Pinstripes Holdings is being delisted from the New York Stock Exchange just more than one year after it went public in the first place.
The bowling-and-bocce “eatertainment” restaurant chain on Friday said that it would not appeal an effort by the New York Stock Exchange to delist its shares, trading of which had been suspended earlier in the week.
The Northbrook, Illinois-based company had apparently broken a rule requiring companies to maintain a market capitalization of at least $15 million for 30 consecutive days. Pinstripes’ market capitalization was $7.9 million as of Friday.
The company announced the delisting as it announced an agreement with Oaktree Capital Management to provide a $7.5 million loan to enable the company to fund operations. Oaktree had been an existing lender of the company, and as part of a recapitalization of Pinstripes will become majority equity holder.
Oaktree will then elect Pinstripes’ board of directors, and existing stockholders will retain their interest in the company.
The move comes amid mounting problems for the company, which operates 18, mostly large-scale venues ranging from 25,000 to 38,000 square feet. The company’s chief financial officer, Tony Querciagrossa, stepped down last month. And the chain has struggled with weakening sales, including a 7.7% same-store sales decline in the company’s fiscal third quarter ended Jan. 5.
According to a federal securities filing, Pinstripes was not in compliance with various loan covenants, notably the ratio of debt-to-EBITDA, or earnings before interest, taxes, depreciation and amortization.
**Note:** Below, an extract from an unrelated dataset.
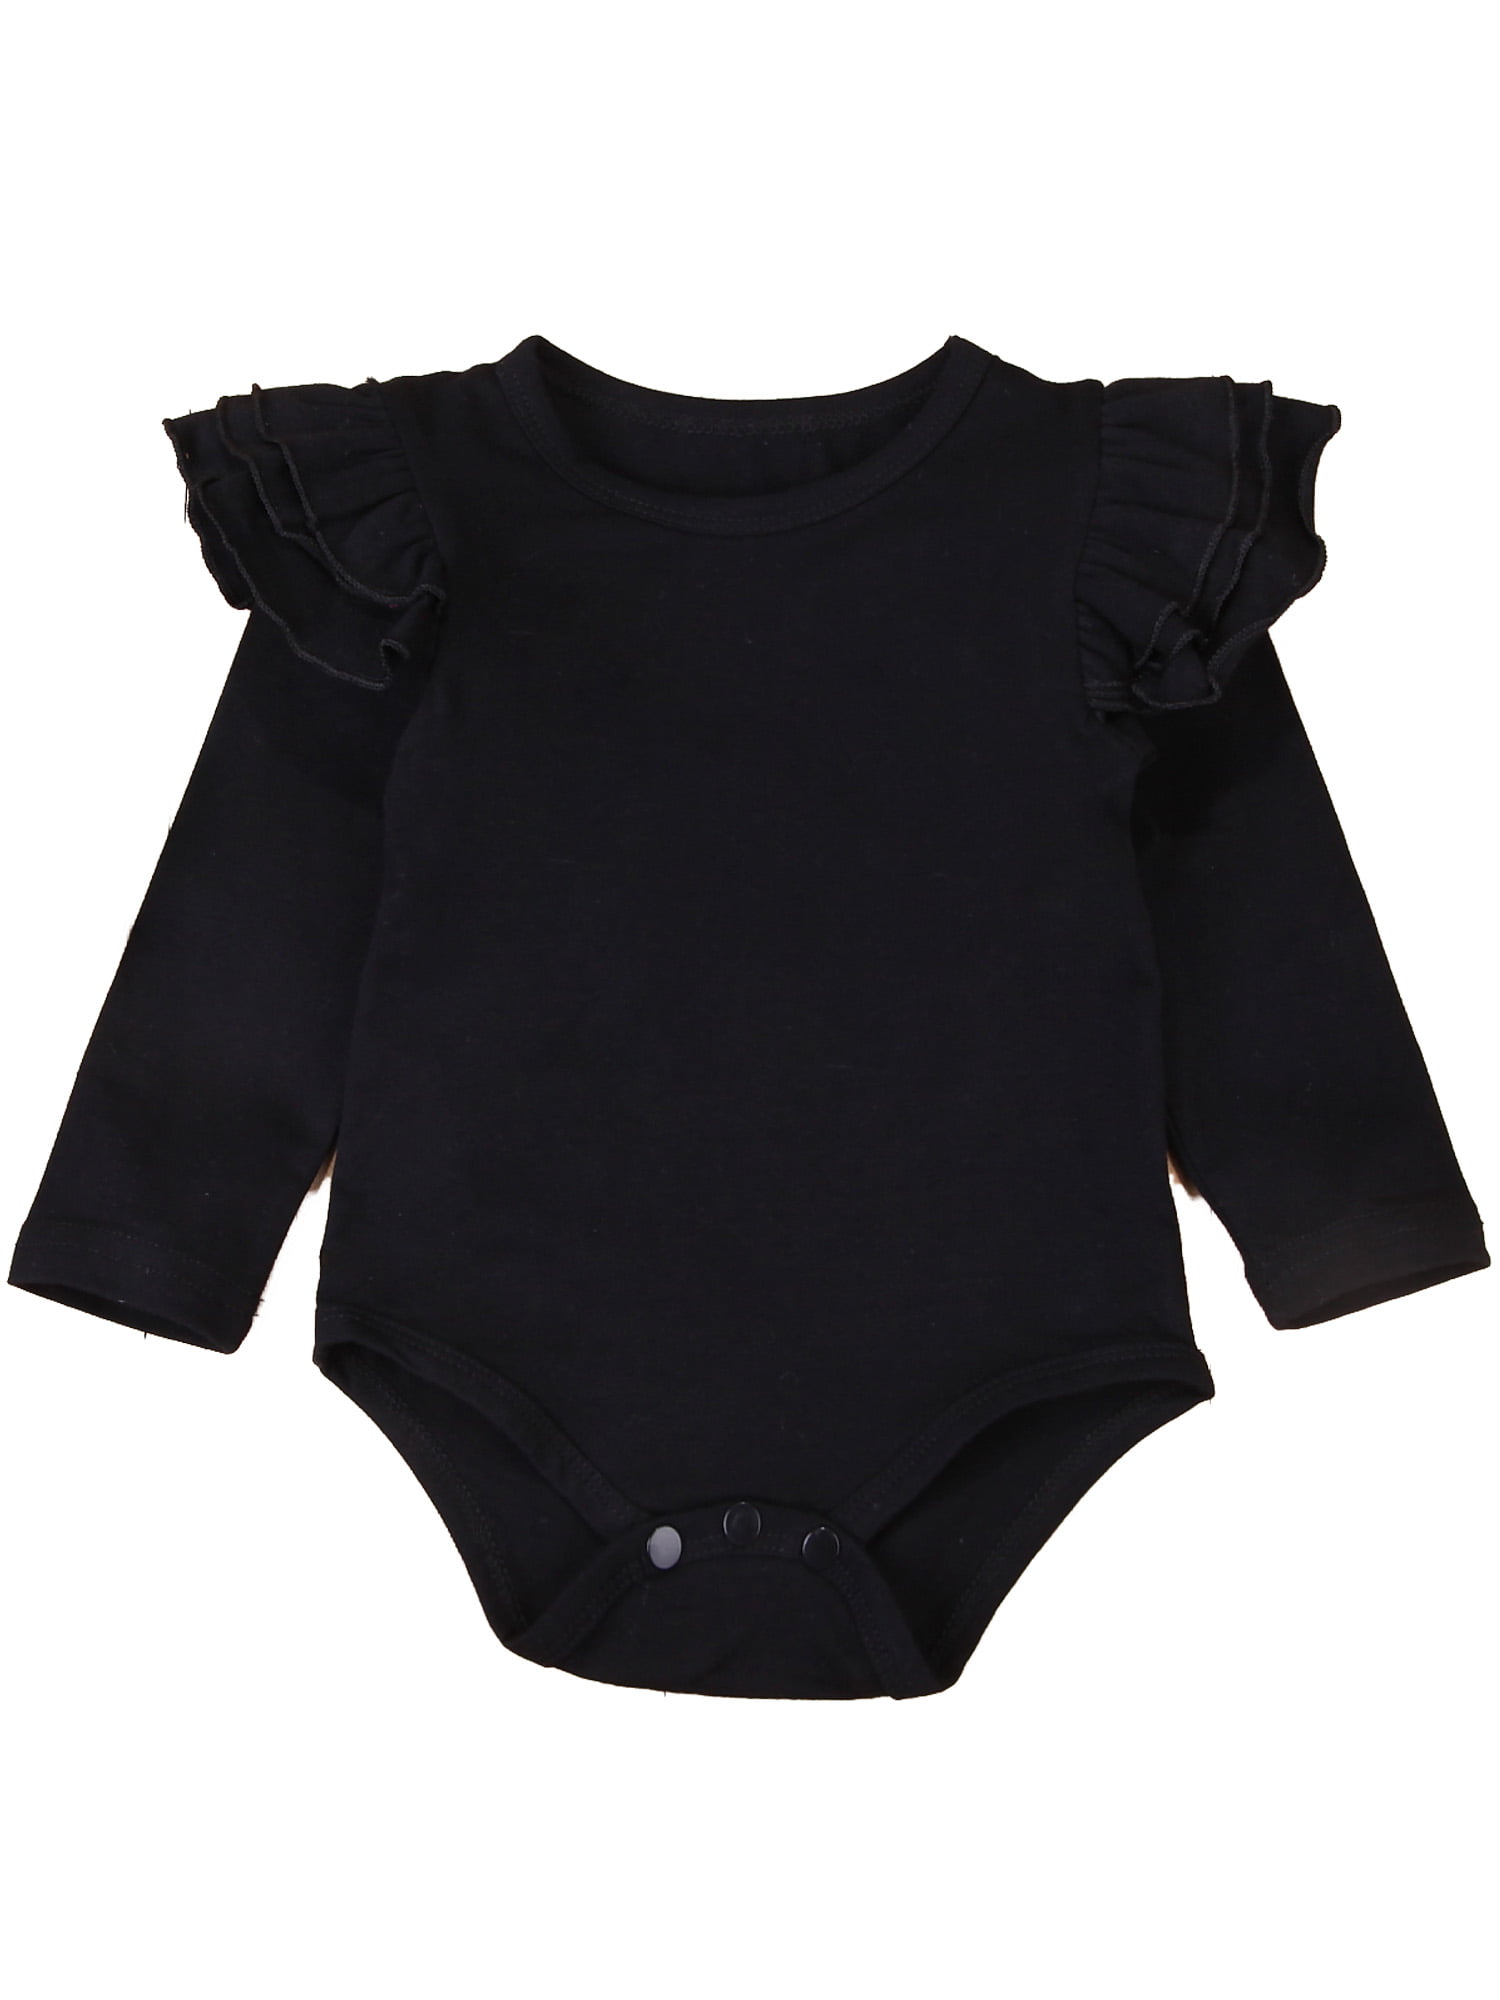 Toddler Infant Baby Boys&Girls Long Sleeve Ruffle Romper Bodysuit Clothes 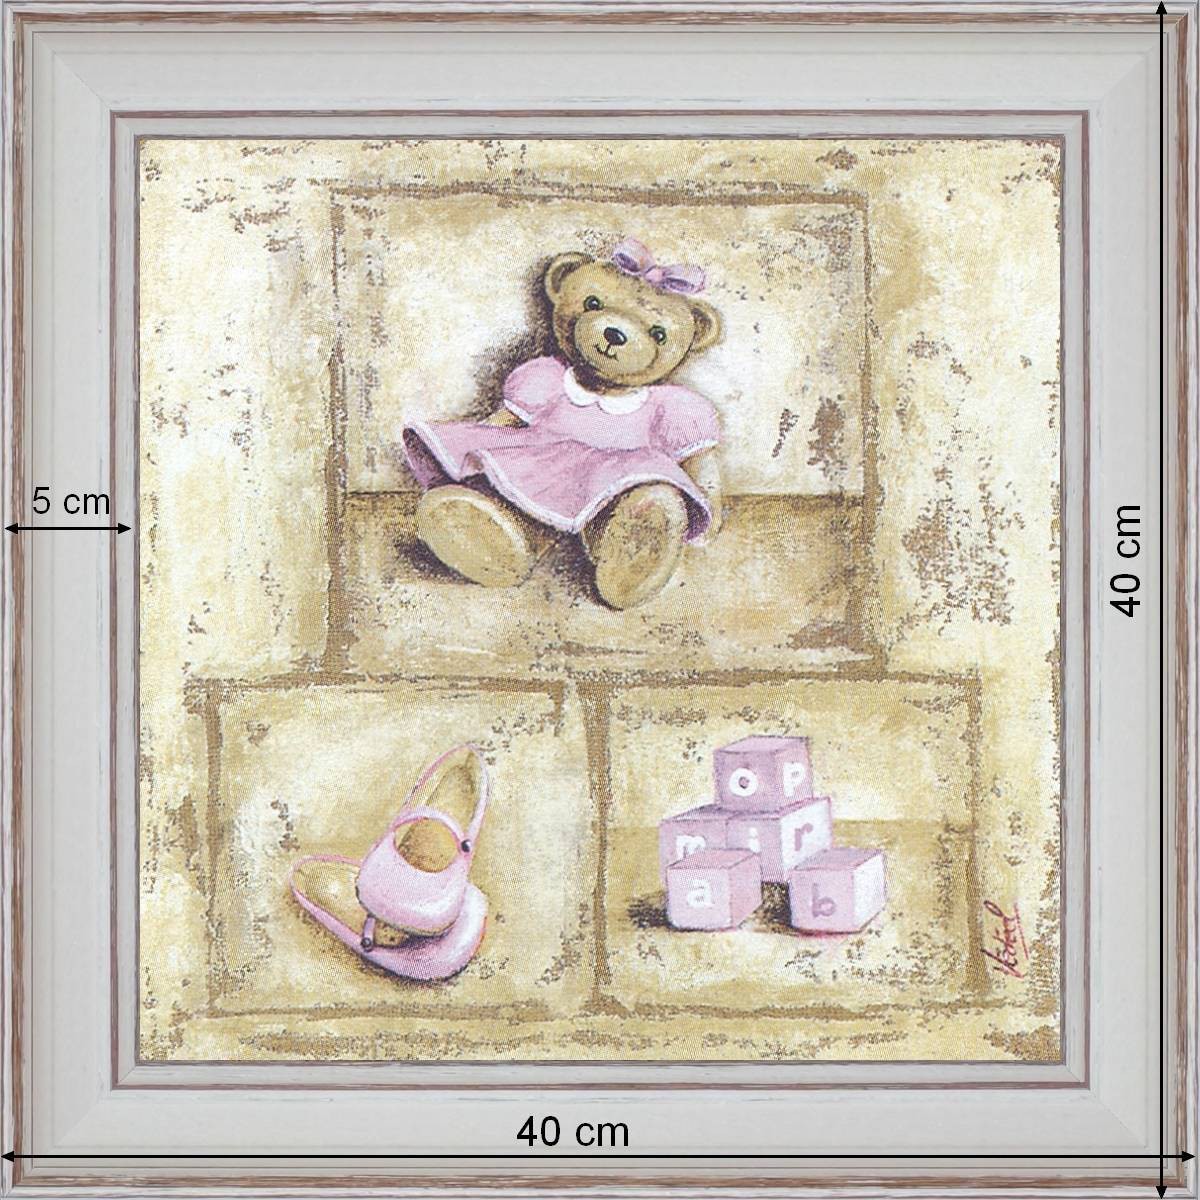 Pink Nounours - dimensions 40 x 40 cm

Pinstripes had reached multiple amendments to its loan agreements earlier this year.
The company had $85 million in long-term debt as of Jan. 5, according to regulatory filings. It also had nearly $99 million of operating lease liabilities.
Pinstripes reported an $8 million loss in the company’s third quarter, or 19 cents per share. It reported a loss of $27.4 million in the first three quarters of the fiscal year. The company in September warned of staff cutbacks.
The company’s delisting and sales challenges come as consumers have slowed spending at food-and-games concepts recently. The golf-and-food chain Topgolf is being spun out from its parent company, Topgolf Callaway Brands, and recently laid off workers at corporate headquarters.
Same-store sales at Dave & Buster’s, meanwhile, have fallen seven straight quarters and CEO Chris Morris recently resigned.
Generally speaking, a delisting is a tough step for public companies as it restricts trading, which can make it difficult for them to raise capital from investors. Pinstripes’ delisting, however, was particularly quick: It went public in late 2023 as part of a $70 million merger with the special purpose acquisition company (SPAC) Banyan Acquisition Corp.